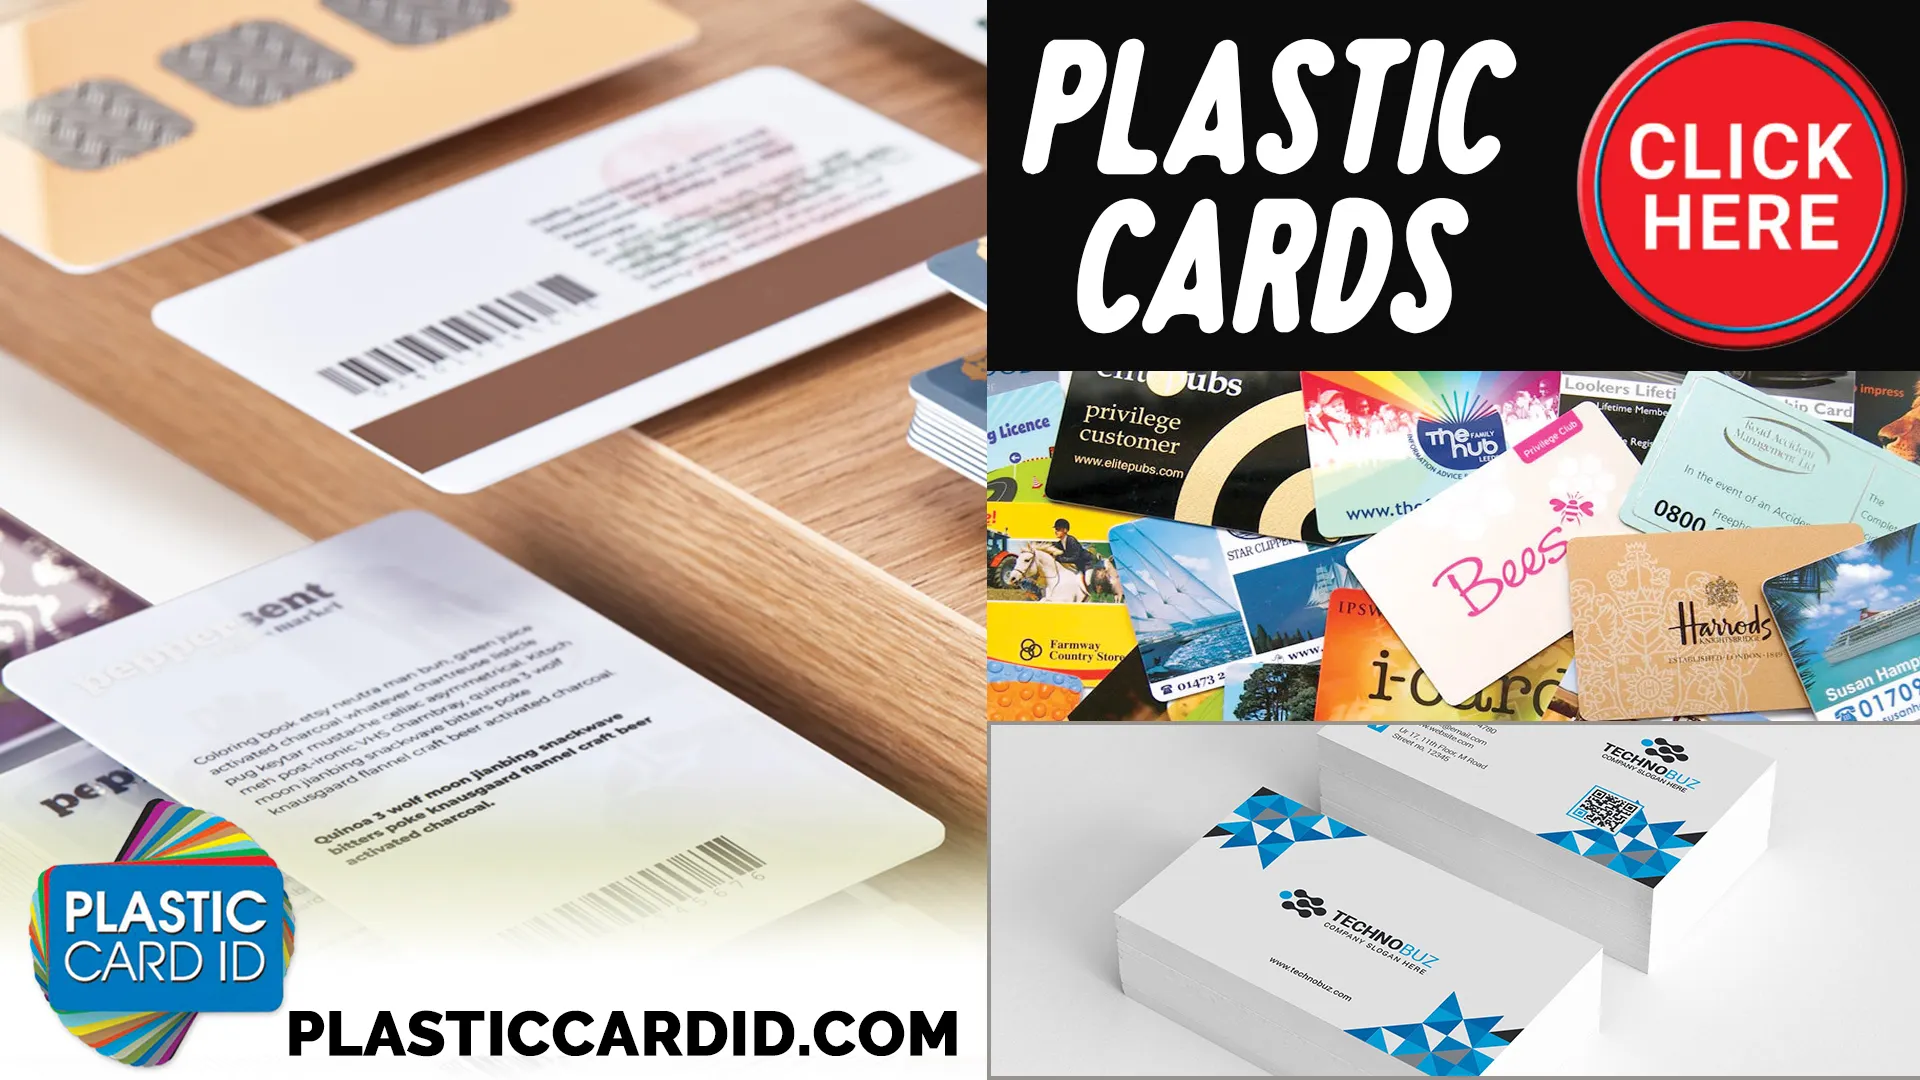  Plastic Card ID
's Unwavering Customer Service Commitment 
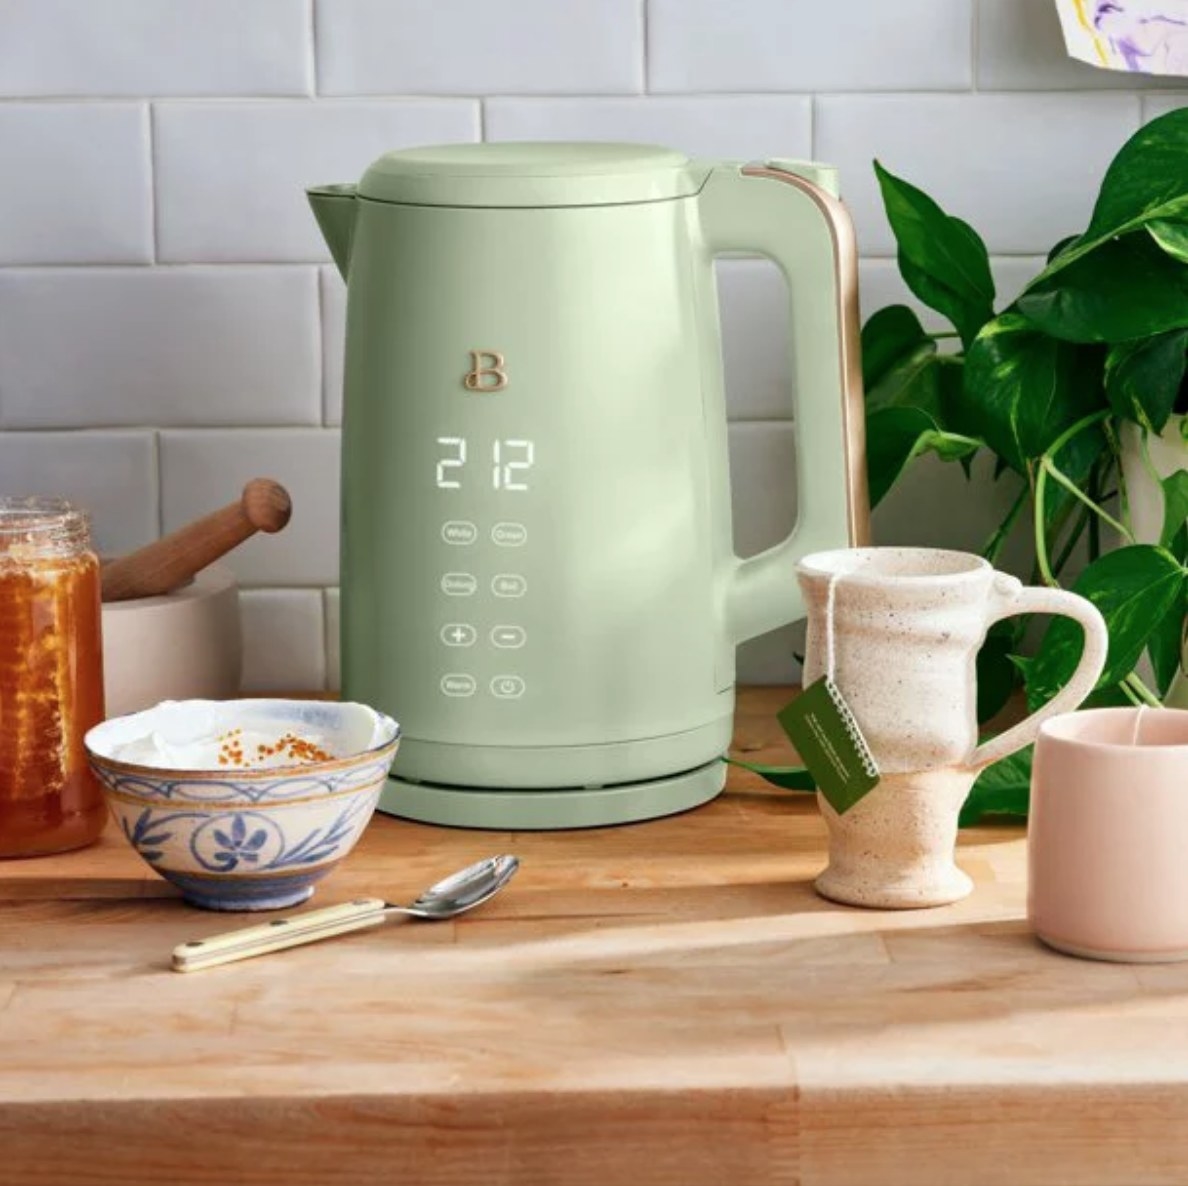 Sage green electric tea kettle on countertop
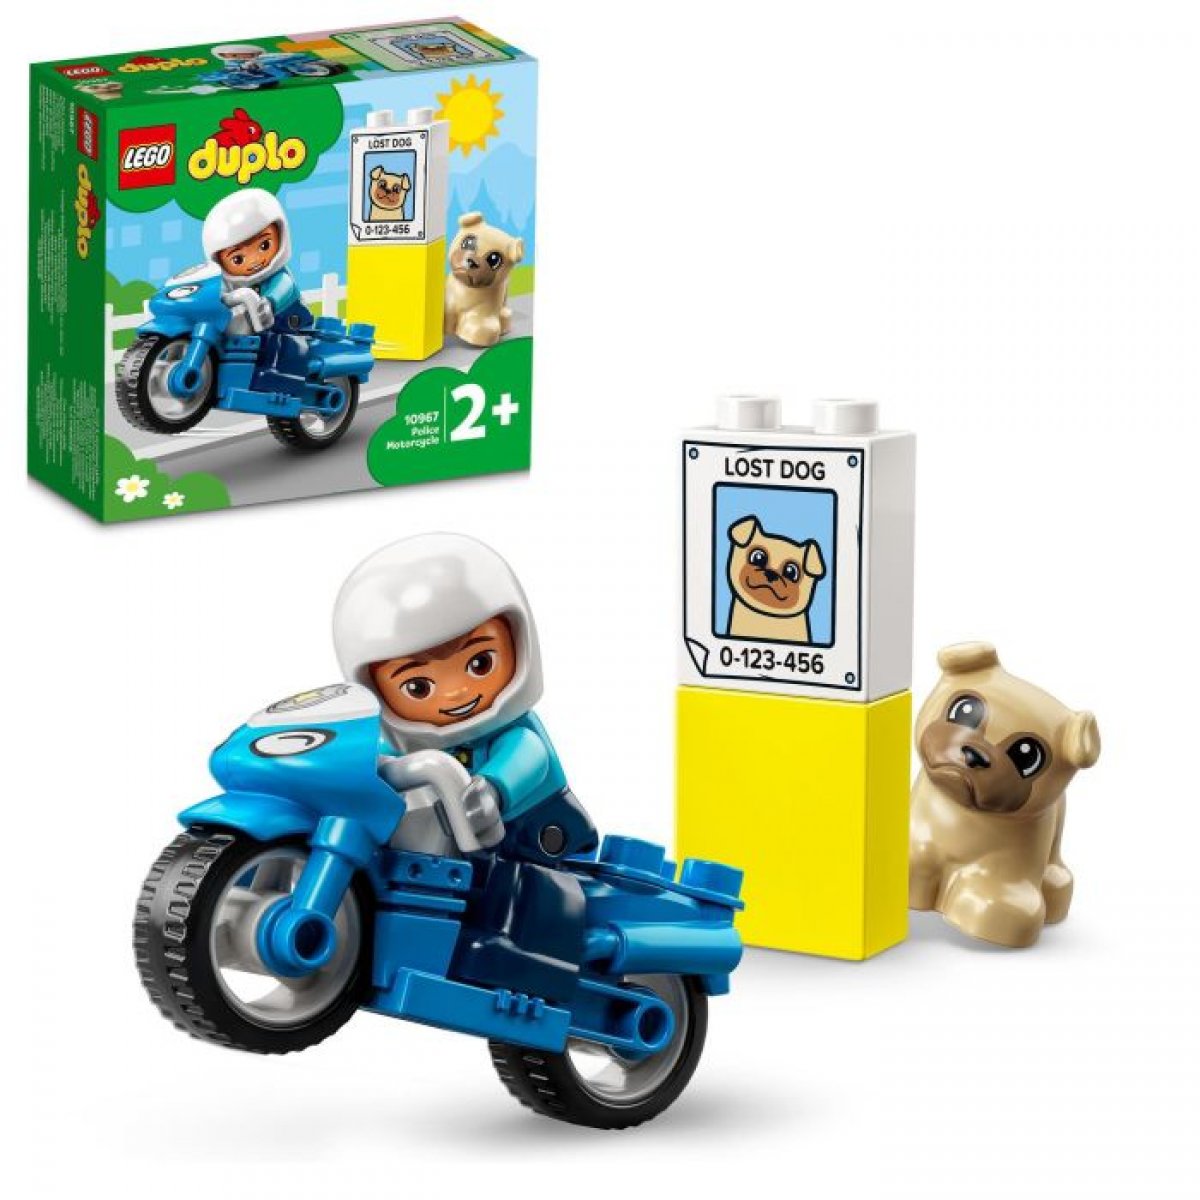 LEGO 10967 - Duplo Polizeimotorrad
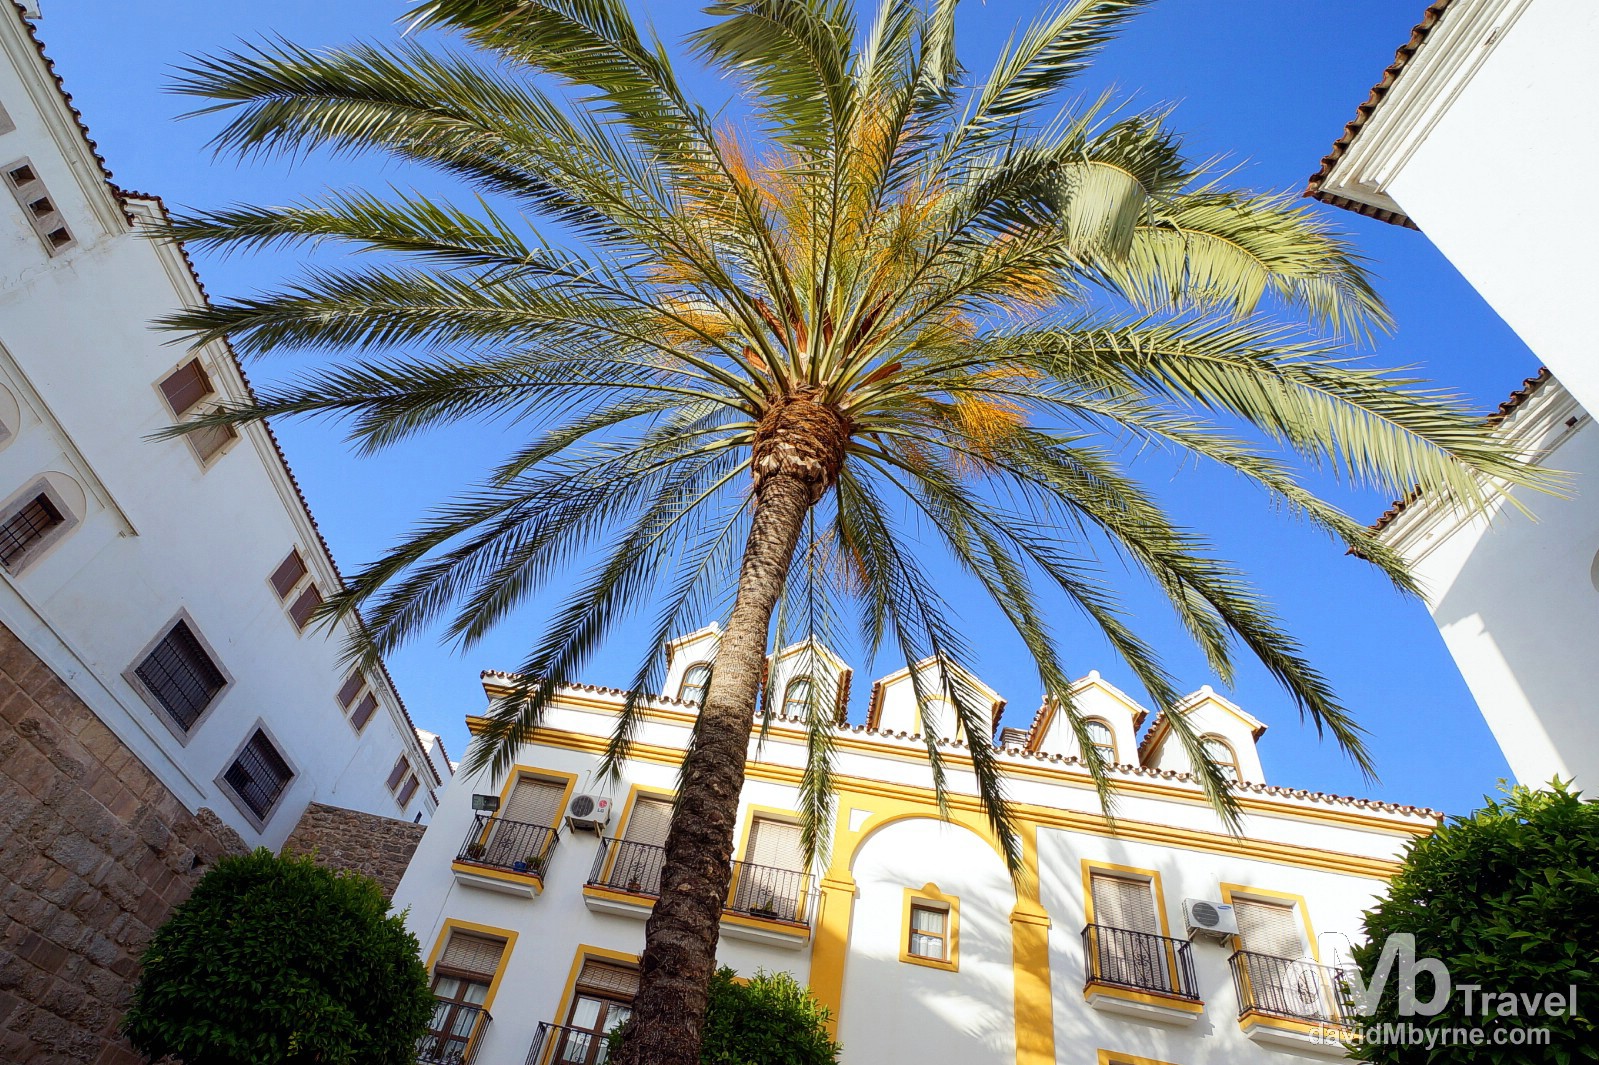 A palm tree in Plaza de los Naranjos, Marbella, Andalusia, Spain. June 6th, 2014.

**Work required:**
Restate word for word the lines running from the one with "LEGO 10967 - Duplo Polizeimotorrad" to the end of the entries; pictures are to be left out.

**Response to the task:**
 LEGO 10967 - Duplo Polizeimotorrad
 A palm tree in Plaza de los Naranjos, Marbella, Andalusia, Spain. June 6th, 2014.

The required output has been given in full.